I thought I had posted a thread or issue about this before, as this has been on my roadmap for a few years now, however any search is returning nothing, so forgive me if I’m posting again.
I’m the author of bevry/dorothy which has hundreds of terminal commands. So far there is testing that verifies exit status, stdout, and stderr - but nothing that verifies the overall experience.
I’d like to use asciinema to record the expected experience when everything works, then when developing and testing replay the same experience and check for divergences, failing if there is. This seems plausible right now by re-recording the experience and comparing .cast
files, however I would have to remove the timestamp and delay data from the .cast
files.
Here is an example of such a technique showcasing a bug of one in Dorothy’s ask
command that would have been detected from such a use case of asciinema, in which the the ANSI escape codes were meant to clear a few lines, however instead an ANSI escape code for going back to the default TTY was sent in error - these ANSI escape codes were being sent to the /dev/tty
making it impractical to catch with our existing test framework (which only captures stdout and stderr).
> fs-diff -- *.cast
2025-01-24-13-48-33-89136.cast ⟶ 2025-01-24-13-48-47-89392.cast
──────────────────────────────────────────────────────────────────────────────────────────────────────────────────────────────────────────────────────────────────────────────────────────────────────────
───┐
1: │
───┘
│ 1 │{"version":2,"width":202,"height":40,"timestamp":1737697713,"command":"ask q d","env":{"SHELL"↵│ 1 │{"version":2,"width":202,"height":40,"timestamp":1737697727,"command":"ask q d","env":{"SHELL"
│ │:"/opt/homebrew/bin/fish","TERM":"xterm-256color"},"theme":{"fg":"#ffffff","bg":"#1e1e1e","pal↵│ │:"/opt/homebrew/bin/fish","TERM":"xterm-256color"},"theme":{"fg":"#ffffff","bg":"#1e1e1e","pal
│ │ette":"#000000:#990000:#00a600:#999900:#0000b3:#b300b3:#00a6b3:#bfbfbf:#666666:#e60000:#00d900→│ │ette":"#000000:#990000:#00a600:#999900:#0000b3:#b300b3:#00a6b3:#bfbfbf:#666666:#e60000:#00d900
│ 2 │[0.351981, "o", "\u001b[?2004h\u001b[1m\u001b[4mq\u001b[22m\u001b[24m\r\n\u001b[2md\u001b[22m\↴│ 2 │[0.333133, "o", "\u001b[?2004h\u001b[1m\u001b[4mq\u001b[22m\u001b[24m\r\n\u001b[2md\u001b[22m\
│ │ …r\n> "]│ │ …r\n> "
│ 3 │[0.965807, "i", "a"] │ 3 │[0.932957, "i", "a"]

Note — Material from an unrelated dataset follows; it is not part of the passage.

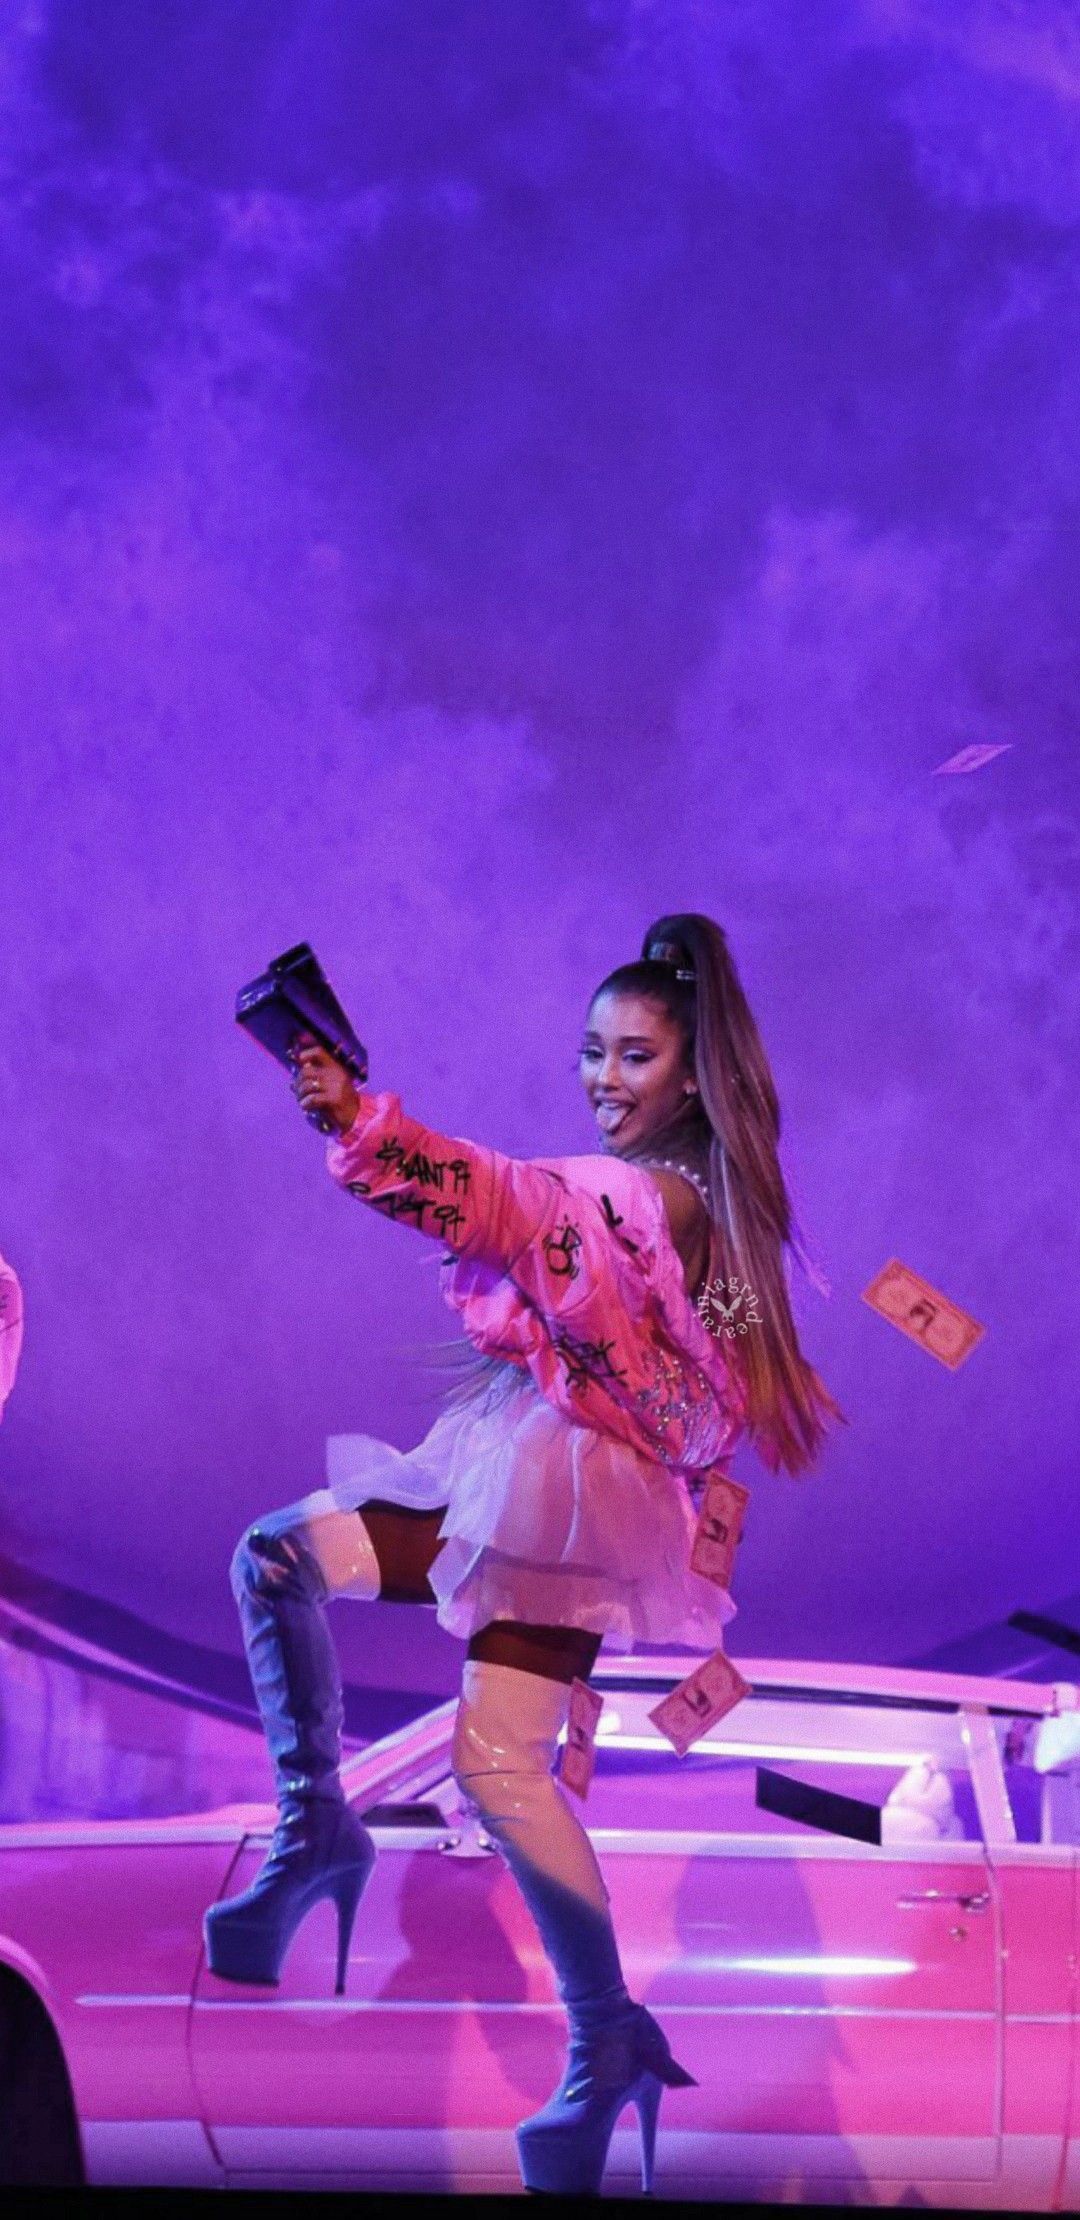 ariana grande wallpaper / sweetener world tour #arianagrande Yeet #Ariana # Grande #To. Ariana grande lockscreen, Ariana grande sweetener, Ariana grande wallpaper

│ 4 │[0.965984, "o", "a"] │ 4 │[0.93314, "o", "a"]
│ 5 │[1.129581, "i", "n"] │ 5 │[1.578224, "i", "n"]
│ 6 │[1.129659, "o", "n"] │ 6 │[1.578295, "o", "n"]
│ 7 │[1.190577, "i", "s"] │ 7 │[1.728916, "i", "s"]
│ 8 │[1.190654, "o", "s"] │ 8 │[1.729008, "o", "s"]
│ 9 │[1.429664, "i", "w"] │ 9 │[1.937808, "i", "w"]
│ 10 │[1.429755, "o", "w"] │ 10 │[1.937879, "o", "w"]
│ 11 │[1.823403, "i", "e"] │ 11 │[2.087957, "i", "e"]
│ 12 │[1.823765, "o", "e"] │ 12 │[2.088104, "o", "e"]
│ 13 │[1.896892, "i", "r"] │ 13 │[2.178357, "i", "r"]
│ 14 │[1.896983, "o", "r"] │ 14 │[2.178443, "o", "r"]
│ 15 │[2.105498, "i", "\r"] │ 15 │[2.41771, "i", "\r"]
│ 16 │[2.105844, "o", "\r\n\u001b[?2004l\r"] │ 16 │[2.417763, "o", "\r\n"]
│ 17 │[2.24255, "o", "\u001b[?1049l"] │ 17 │[2.417764, "o", "\u001b[?2004l\r"]
│ 18 │[2.243033, "o", "answer\r\n"] │ 18 │[2.550842, "o", "\u001b[3F\u001b[J"]
│ │ │ 19 │[2.551235, "o", "answer\r\n"]
Furthermore, this would also have the advantage of having recordings of each of the commands in their working state, that would assist with publicity and documentation of the project.
Ideally, I would like just a asciinema rec
for the initial experience, then say a asciinema verify/replay
that attempts to replay the experience (replay the recorded inputs and delays against the same command) and if a divergence has been encountered, then it fails with what exactly diverged, and if no divergence occurred then return exit status 0 and exit without any success message if --quiet
was provided. A divergence being any change between stdout, stderr, TTY, and exit status. Variant delays in processing are okay for the proof of concept, perhaps later any signficant varience in delay should also trigger a divergence failure.
Building this functionality directly into asciinema
, besides providing a superior divergence reporting experience, would also provide a superior replay experience, as I wouldn’t have to write a custom parser of the .cast
file to grab the inputs and delays to replay them.